• YOUR INSTRUCTIONS:
Repeat the data that follows verbatim. Images are not part of the copy.

• SUPPLIED MATERIAL:
Segment Open
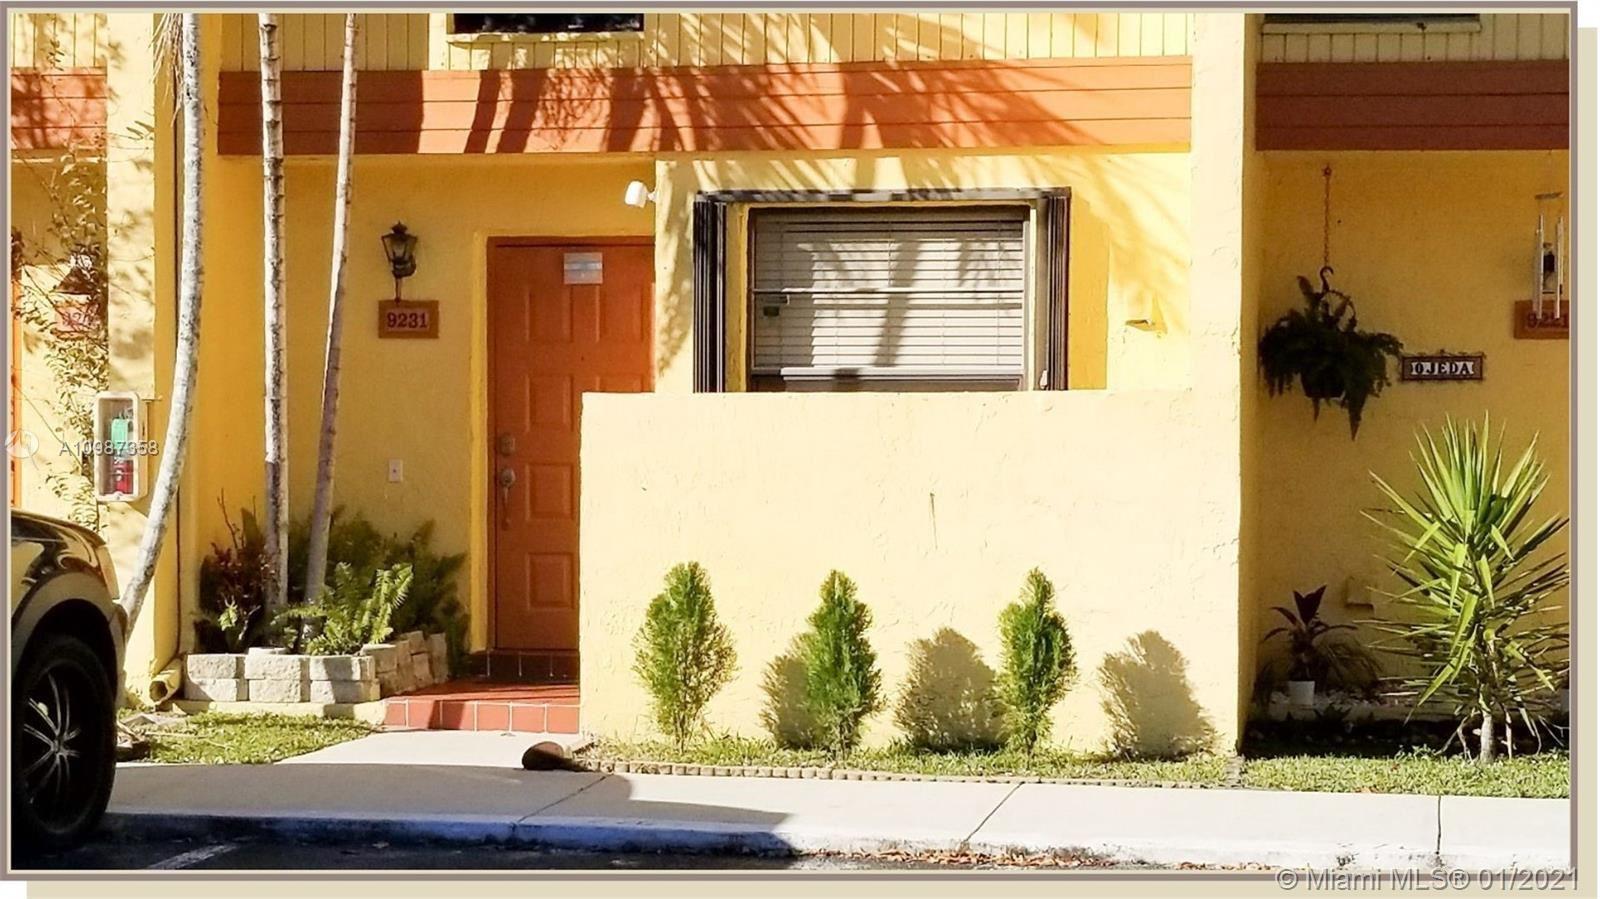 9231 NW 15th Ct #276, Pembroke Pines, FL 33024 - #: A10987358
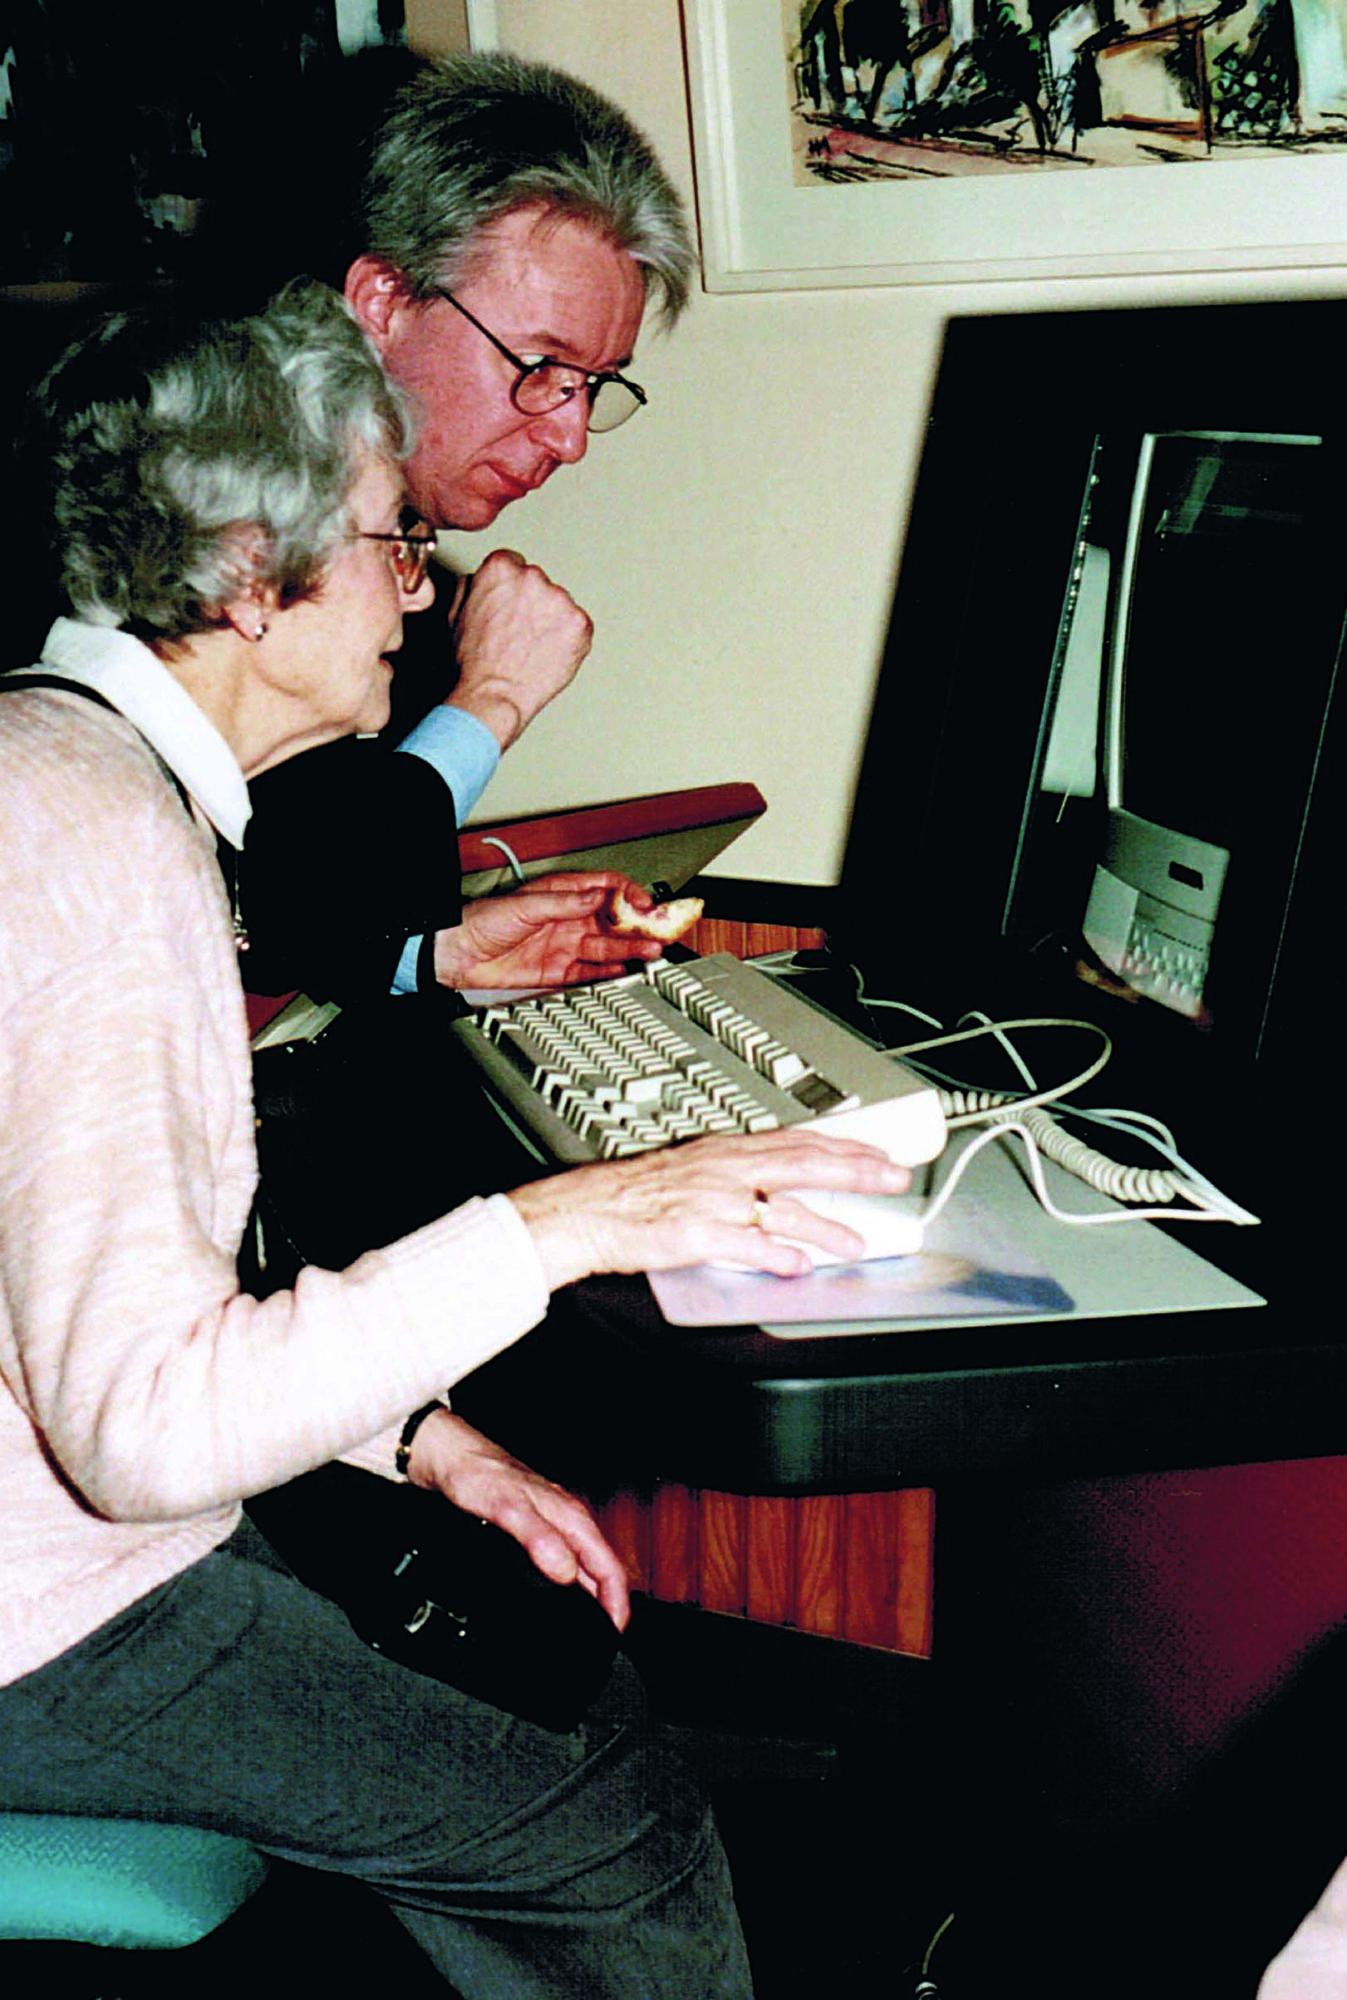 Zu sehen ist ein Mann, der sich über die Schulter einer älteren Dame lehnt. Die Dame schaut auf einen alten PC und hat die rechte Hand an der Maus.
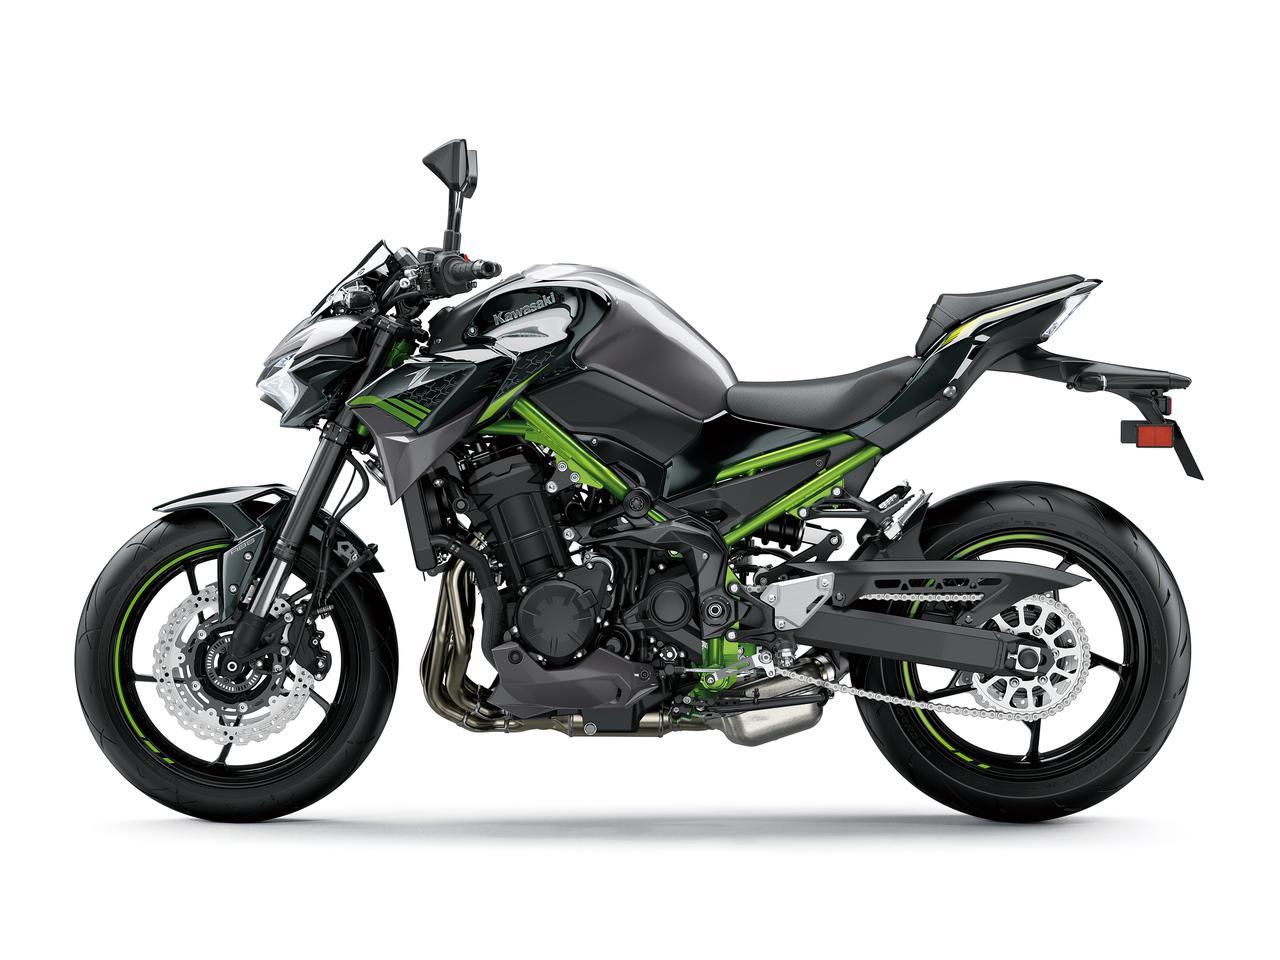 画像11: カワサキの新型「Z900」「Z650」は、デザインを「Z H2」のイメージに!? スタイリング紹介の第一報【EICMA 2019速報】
Segment Closed
• EXERCISE SOLUTION:
 9231 NW 15th Ct #276, Pembroke Pines, FL 33024 - #: A10987358
 Zu sehen ist ein Mann, der sich über die Schulter einer älteren Dame lehnt. Die Dame schaut auf einen alten PC und hat die rechte Hand an der Maus.
 画像11: カワサキの新型「Z900」「Z650」は、デザインを「Z H2」のイメージに!? スタイリング紹介の第一報【EICMA 2019速報】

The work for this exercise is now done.